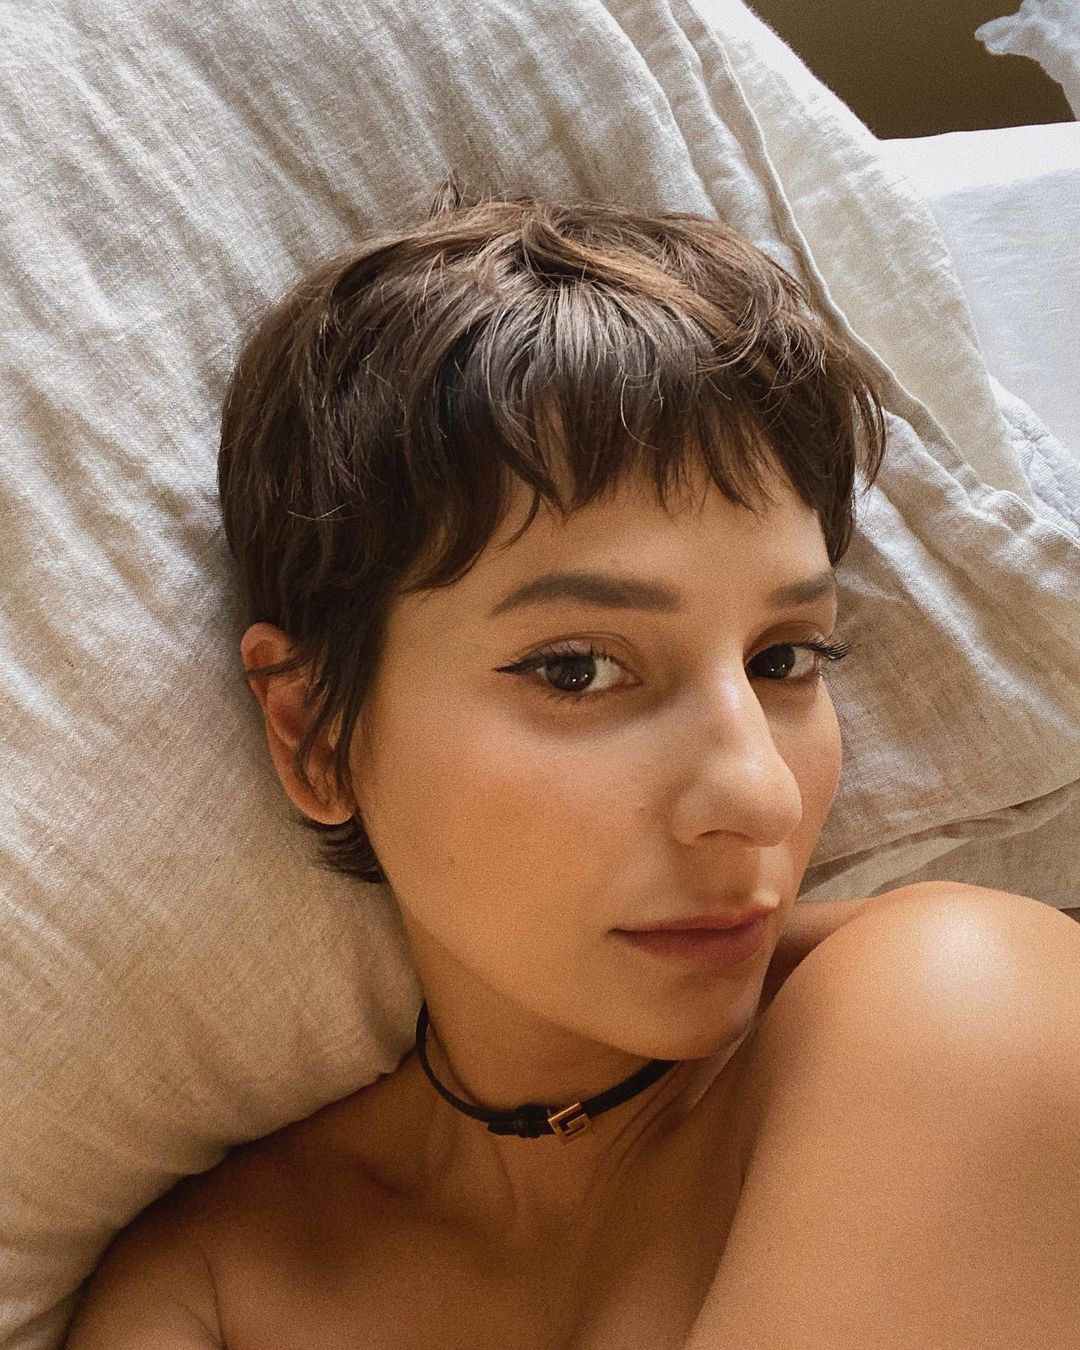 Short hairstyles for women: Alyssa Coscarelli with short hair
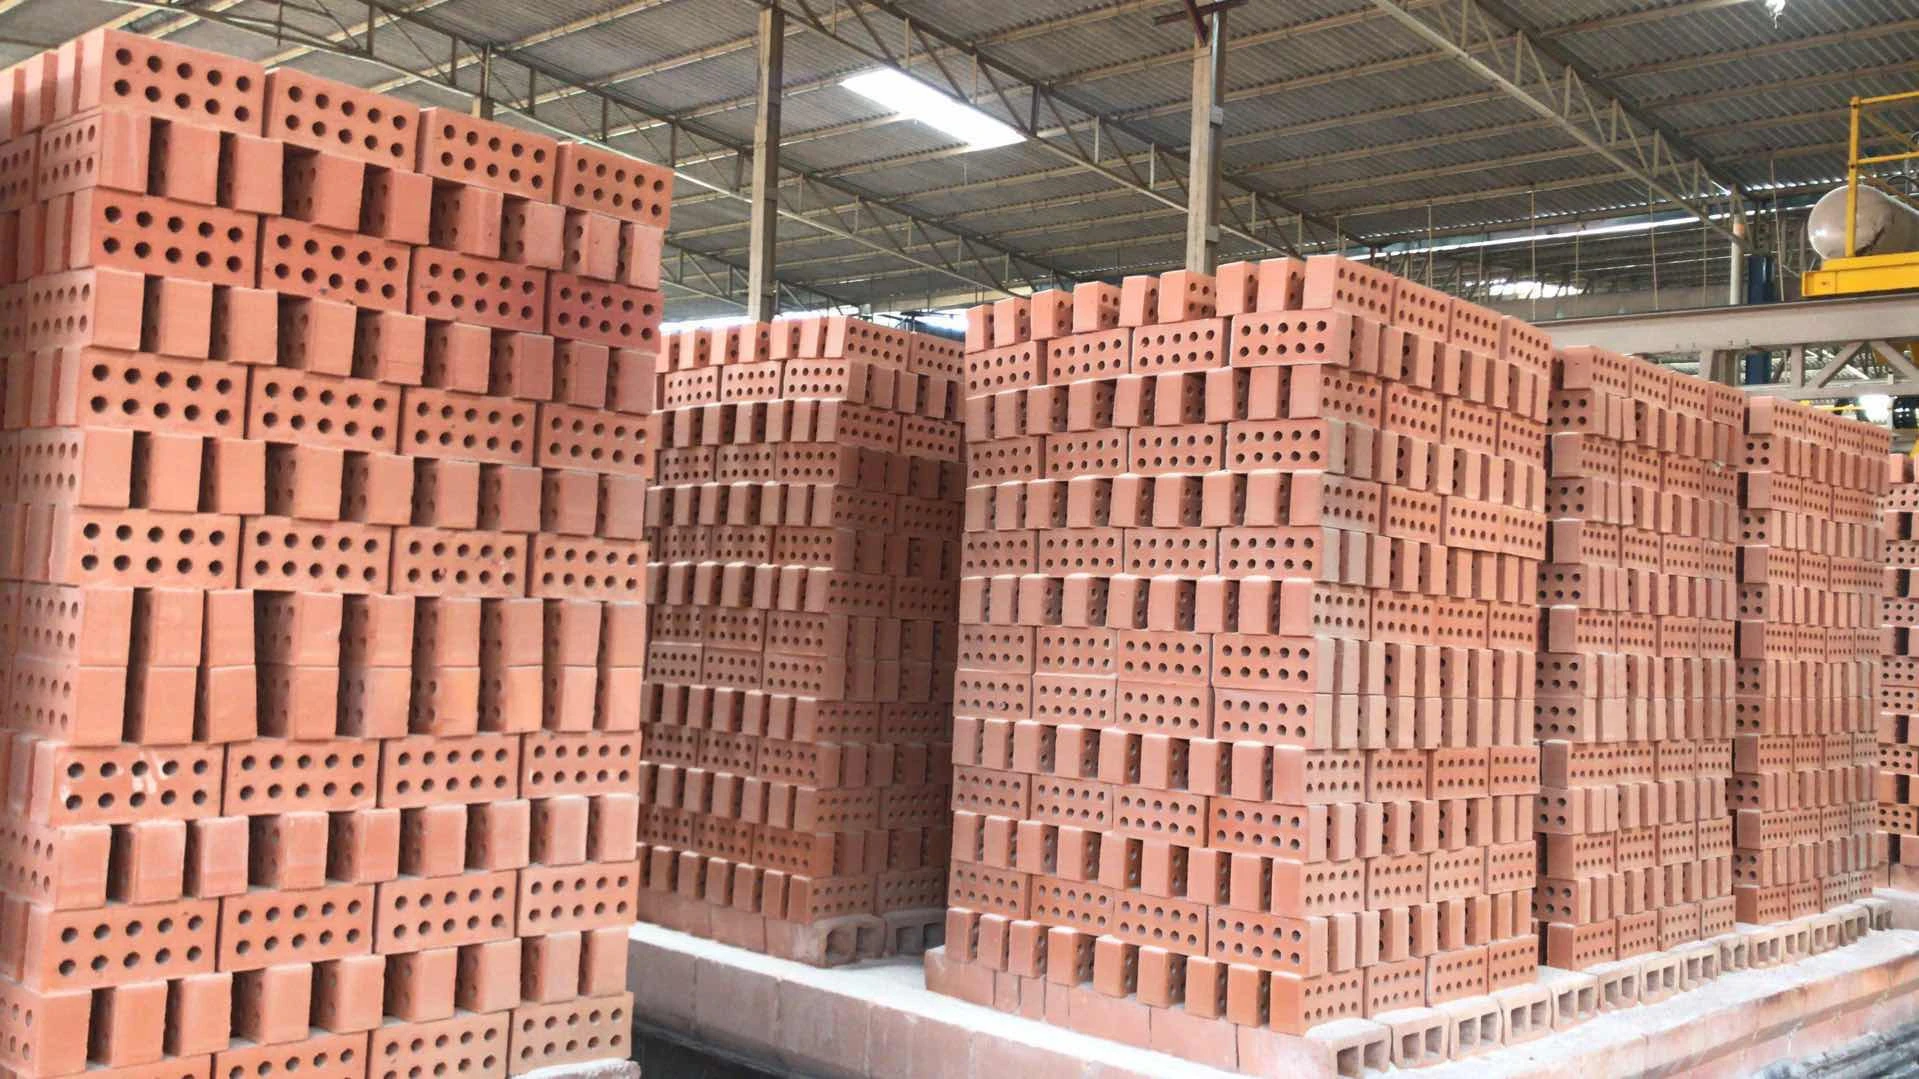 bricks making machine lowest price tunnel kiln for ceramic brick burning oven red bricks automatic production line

...

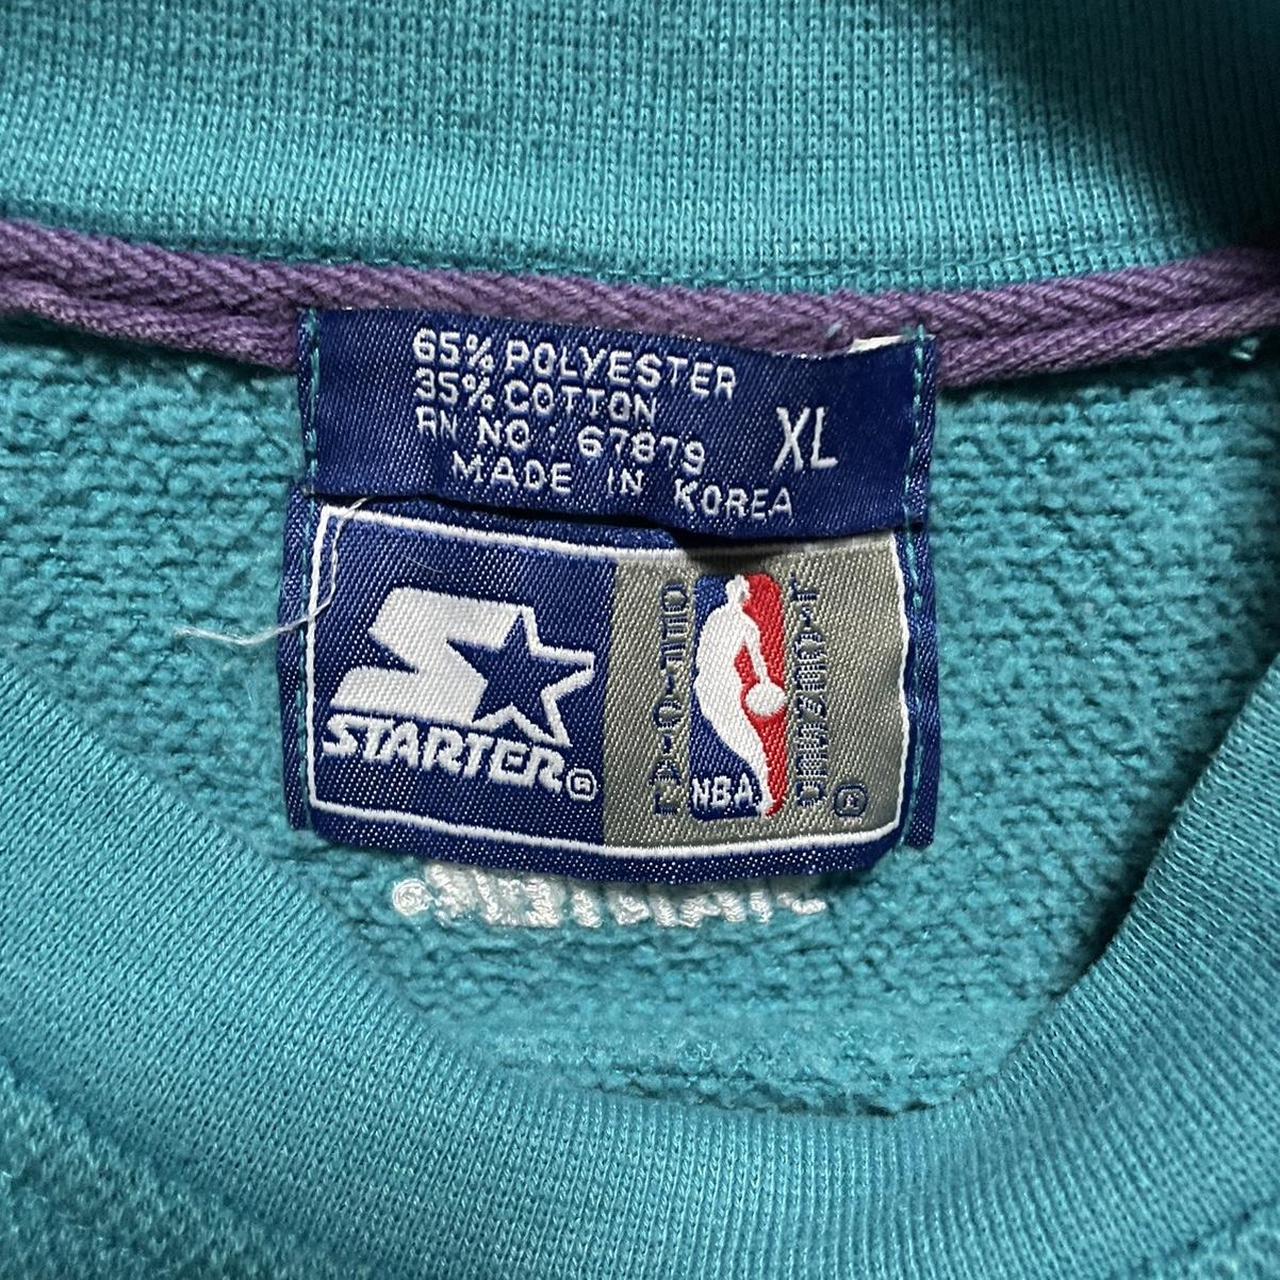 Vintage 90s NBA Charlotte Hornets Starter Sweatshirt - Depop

# REQUIRED ACTION
Print exactly the lines above that run from the one with "Short hairstyles for" to the one with "bricks making machine", both included. No pictures.

# EXERCISE SOLUTION
 Short hairstyles for women: Alyssa Coscarelli with short hair
 bricks making machine lowest price tunnel kiln for ceramic brick burning oven red bricks automatic production line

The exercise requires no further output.